Initial palliation in duct-dependent pulmonary circulation includes ductal stent placement or a modified Blalock-Taussig-Thomas shunt [5]. Ductal stenting has become increasingly adopted in centers with interventional expertise, particularly in neonates with favorable ductal anatomy, representing a substantial proportion of initial palliations. Stenting is less invasive and associated with lower morbidity [6]. However, late stent embolization, although rare (0.84%), is a life-threatening complication requiring prompt intervention [7].
A full-term female neonate, born to a 25-year-old mother with two prior unexplained pregnancy losses, was delivered by scheduled cesarean section at 38 weeks of gestation. No detailed information regarding the cardiac status of the previous fetuses was available, and no fetal autopsy or genetic testing had been performed. The current neonate had a birth weight of 3100 g, length 51 cm, with an Apgar score of 9 and Silverman Anderson score of 0. The initial postnatal course was unremarkable, and the patient was discharged at 24 h.
This case report was prepared in accordance with the ethical principles of the Declaration of Helsinki. The study was approved by the Hospital Regional de Alta Especialidad del Bajío (HRAEB) Research Ethics Committee (code: CEI-049-2025). Informed consent for publication was obtained from the patient’s parents.
On day five of life, she developed central cyanosis, tachypnea, feeding difficulty, and drowsiness. At a secondary care facility, oxygen saturation was 74%. Chest radiography revealed Grade III cardiomegaly with poor pulmonary circulation. Echocardiography confirmed pulmonary atresia with intact ventricular septum (PAIVS), a hypoplastic right ventricle, a wide atrial septal defect, and a patent ductus arteriosus. Prostaglandin E1 infusion (0.02 μg/kg/min) was initiated and the patient was transferred to our tertiary center.

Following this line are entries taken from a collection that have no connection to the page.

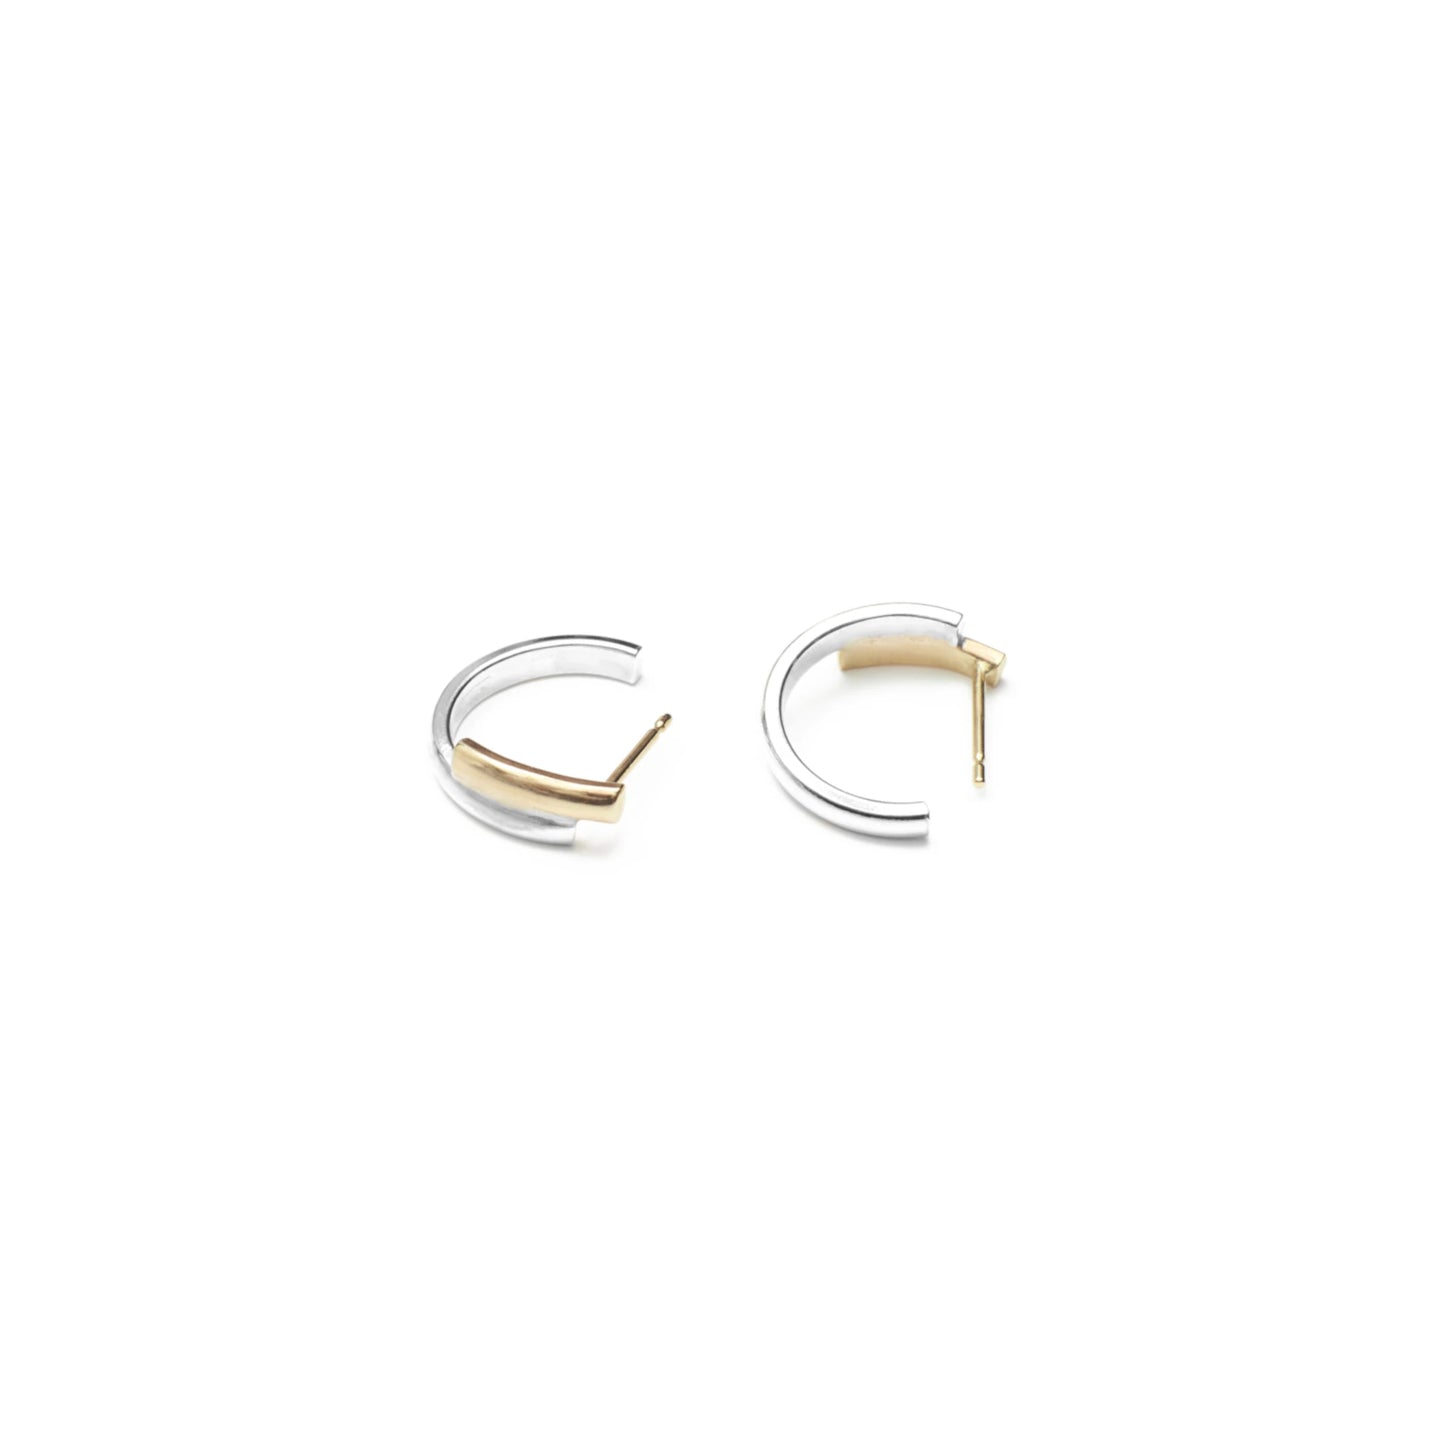 Duet Hoop Earrings - 9kt Gold & Sterling Silver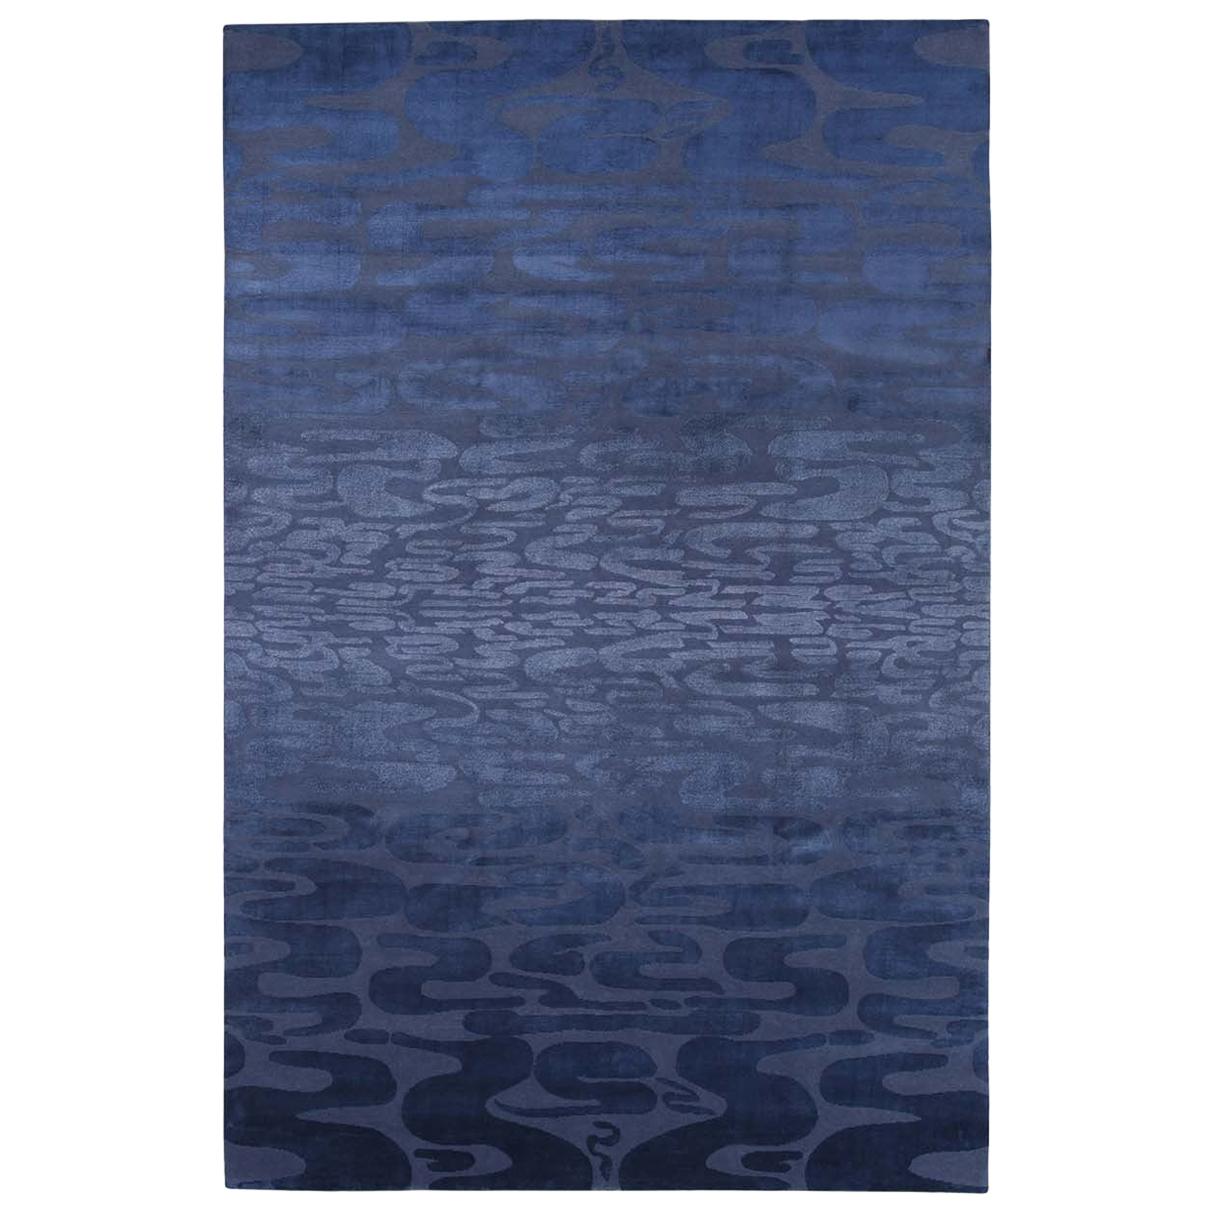 Onde Blue Carpet by Ico Parisi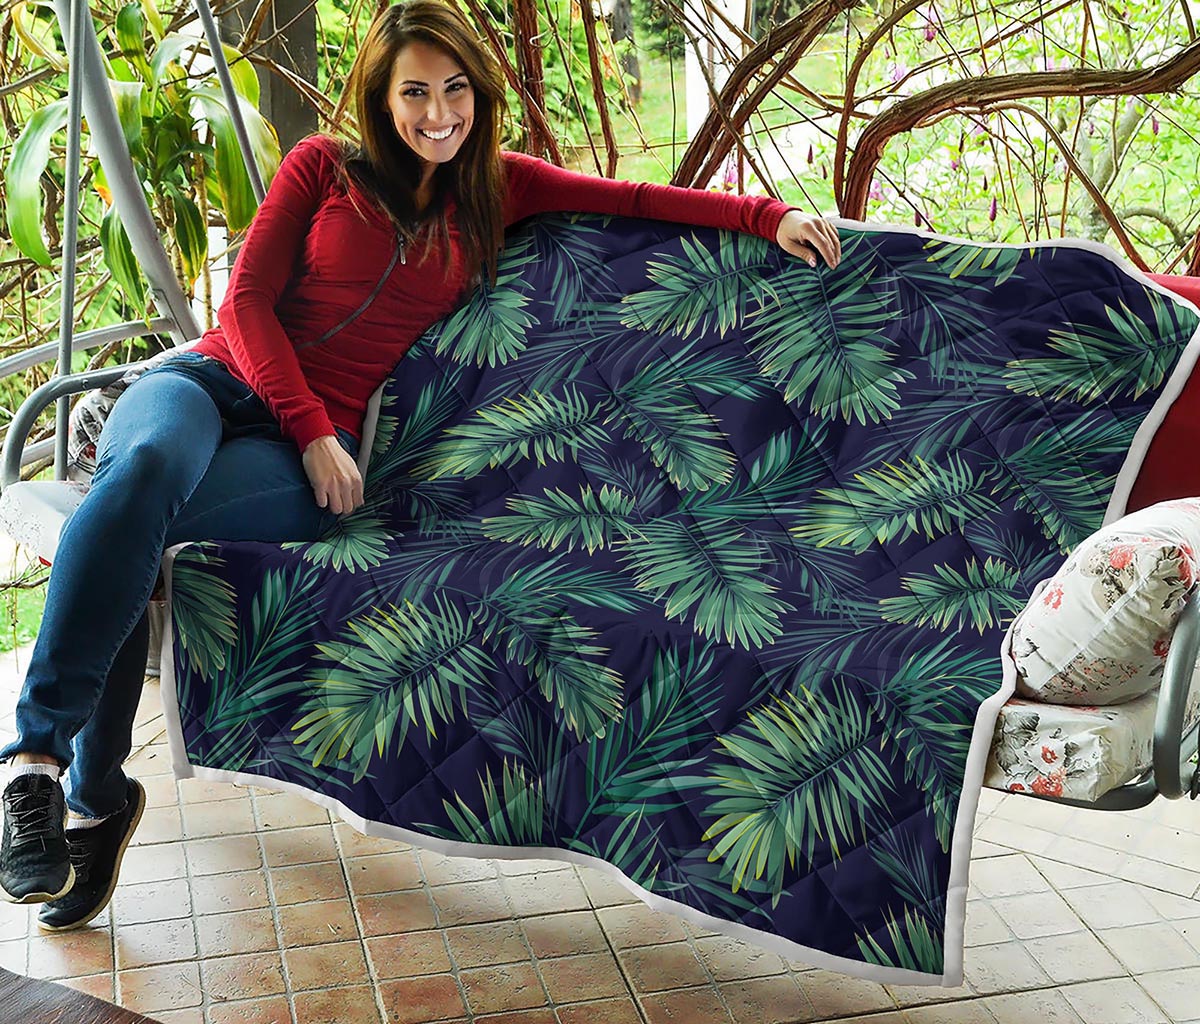 Dark Tropical Palm Leaf Pattern Print Quilt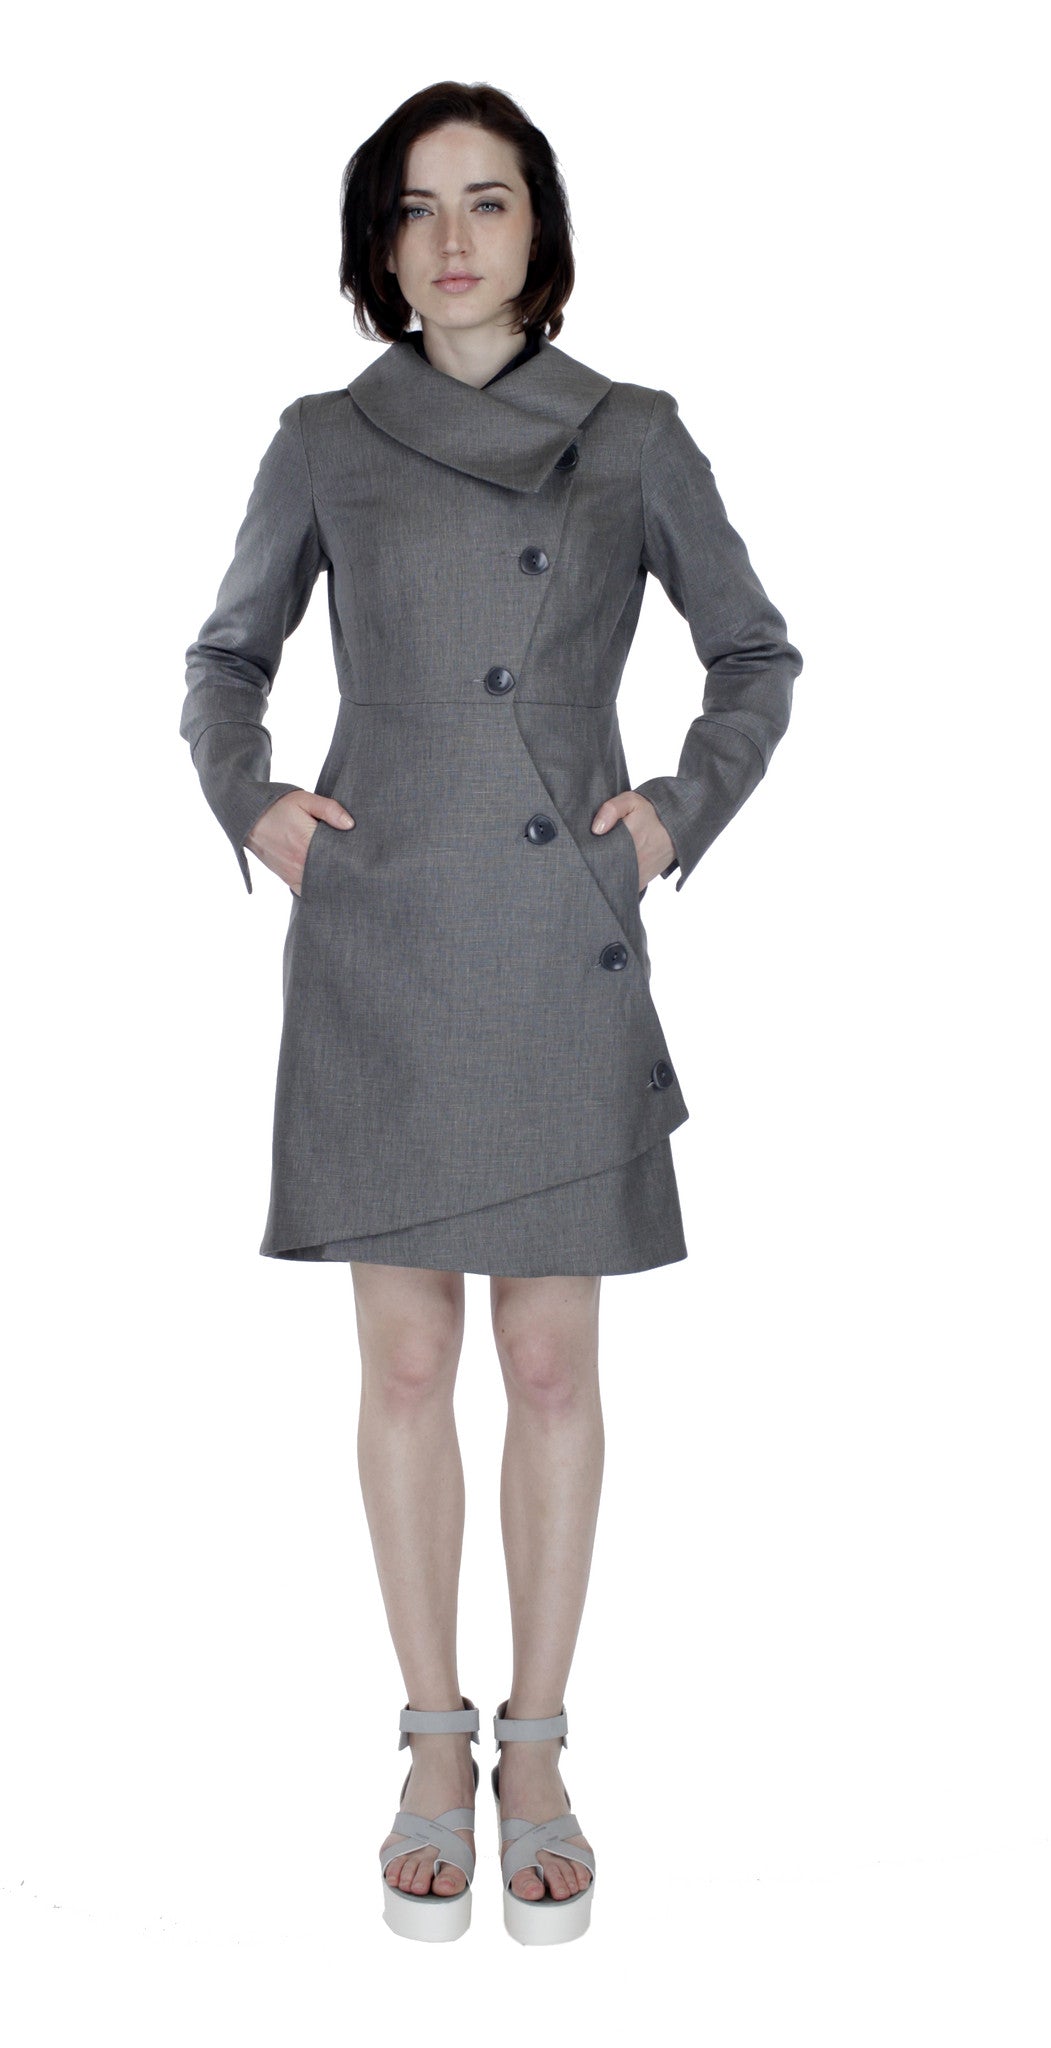 Swerve Jacket in Linen / Grey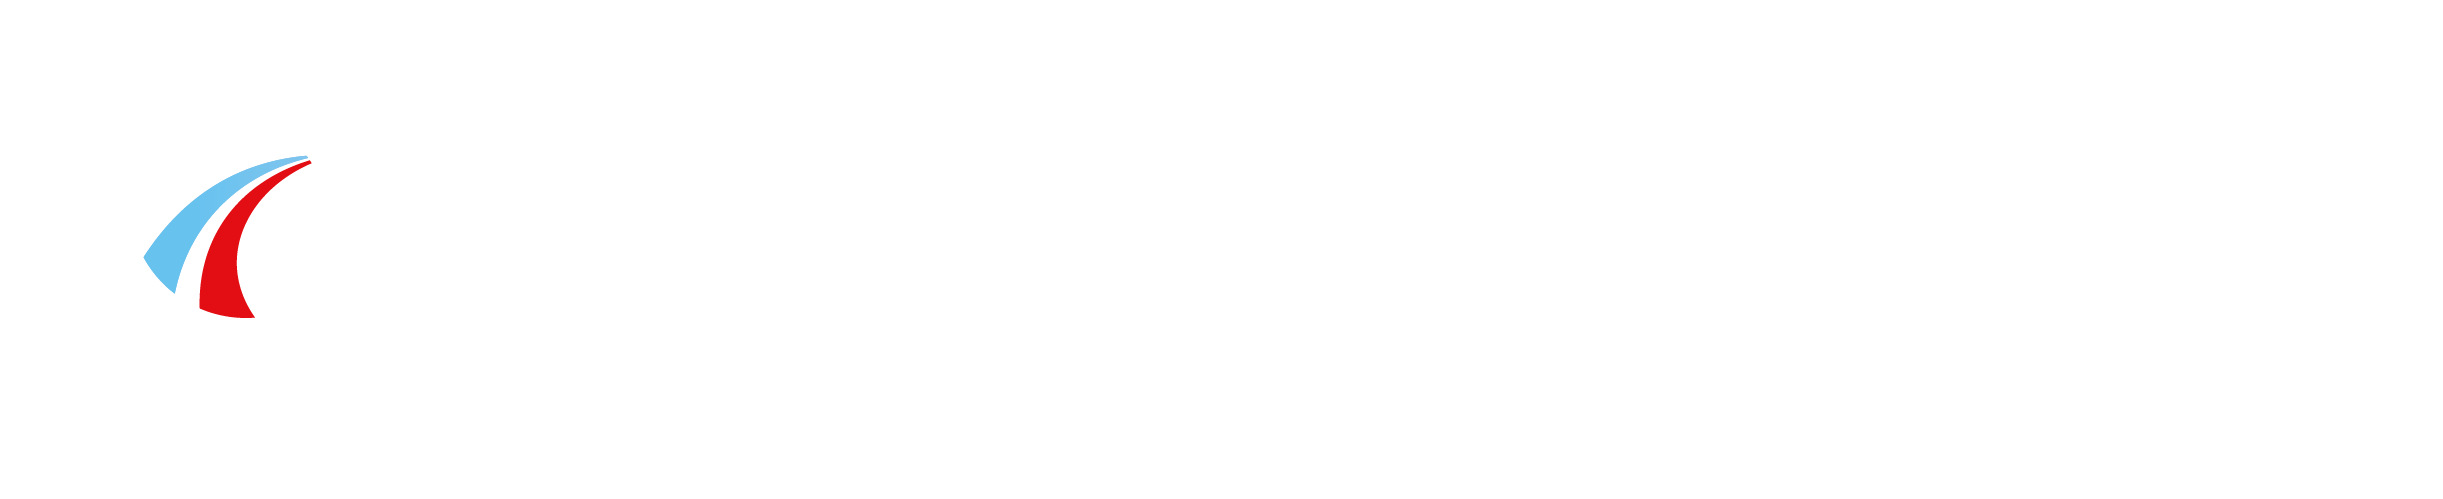 City Airport Logo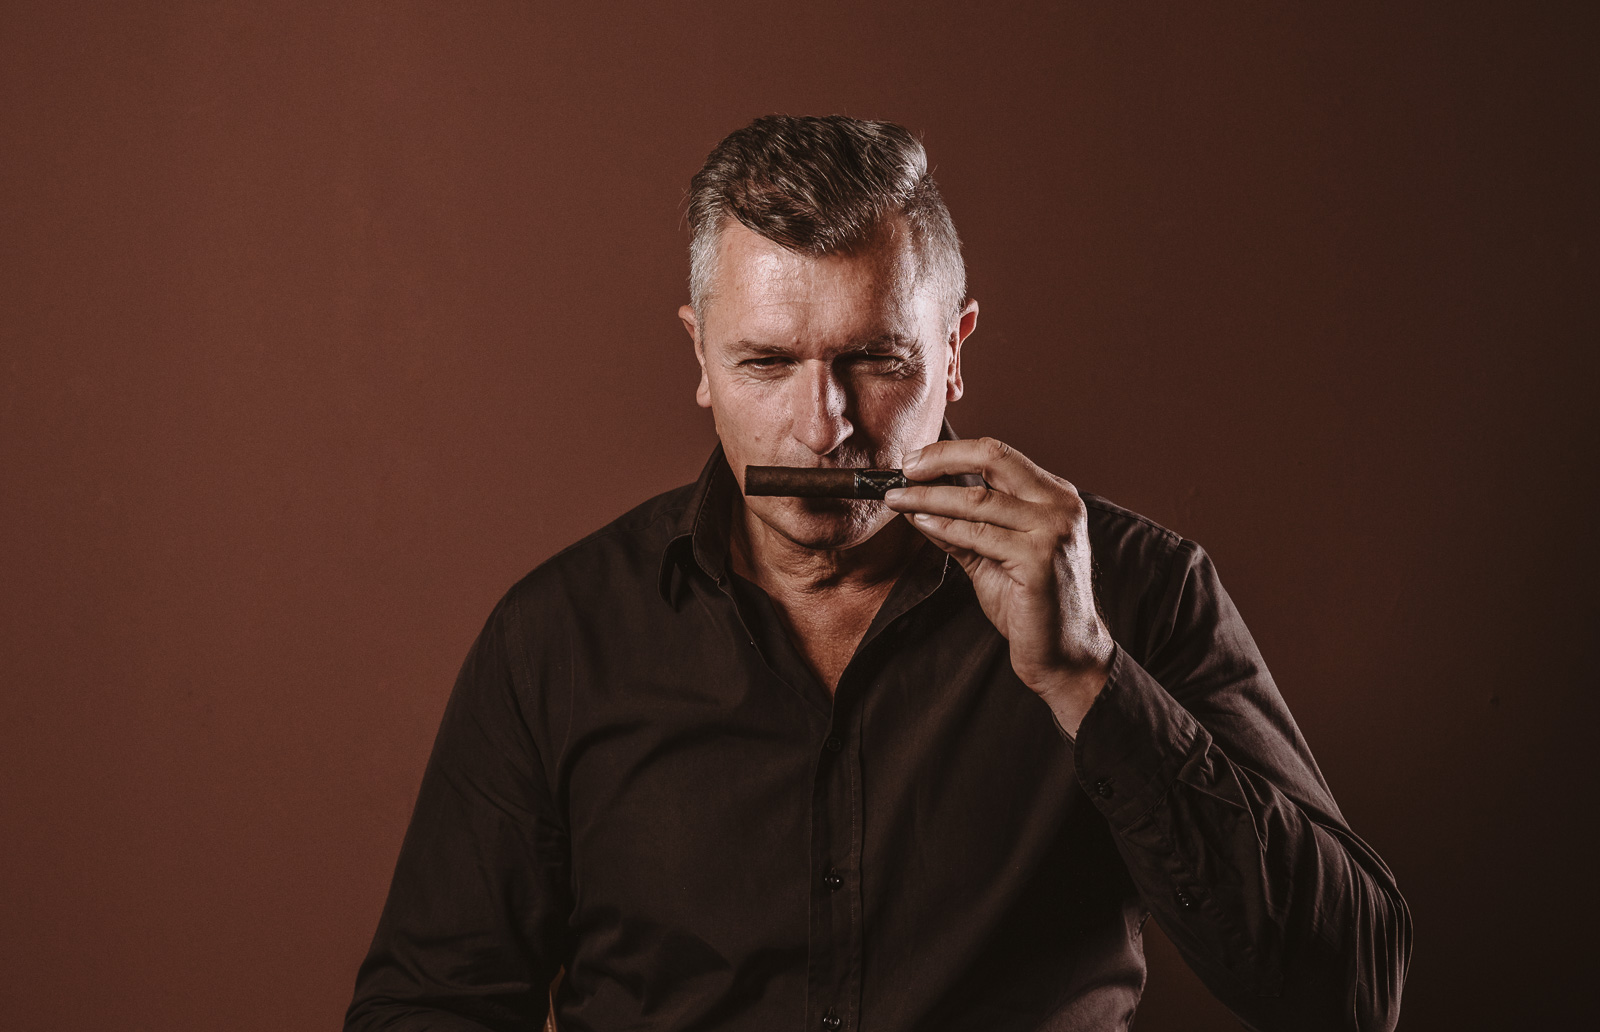 Porträtshooting - Gilbert Köhne vom Konzeptstore Herzblut riecht an Zigarre

Upon admission, vital signs were as follows: heart rate 158 bpm, respiratory rate 69 breaths per minute, weak pulses, blood pressure 71/34 mmHg, temperature 37.4°C, and oxygen saturation 86%. Laboratory tests showed hemoglobin 14.9 g/dL, leukocytosis (20,190/μL), and normal renal function. Arterial blood gas analysis demonstrated pH 7.36, PCO2 30 mmHg, PaO2 44 mmHg, lactate 0.8 mmol/L, and oxygen saturation 75%. Echocardiography confirmed PAIVS, pulmonary branches of adequate size, absence of collaterals, and a large ductus arteriosus with left-to-right shunting. The ductus arteriosus was elongated and conical in shape, with distal narrowing, arising immediately distal to the origin of the left subclavian artery and coursing with mild tortuosity before inserting into the origin of the left pulmonary artery. The duct measured 9.05 mm at aortic end and 3.40 mm at pulmonary end, with a total length of 16.30 mm. The straight-line distance between the aortic origin and the pulmonary insertion was 14.20 mm, resulting in a ductal curvature index (DCI) of 0.13, indicating mild tortuosity. Distal narrowing was quantified as a 62% reduction from the aortic to the pulmonary end.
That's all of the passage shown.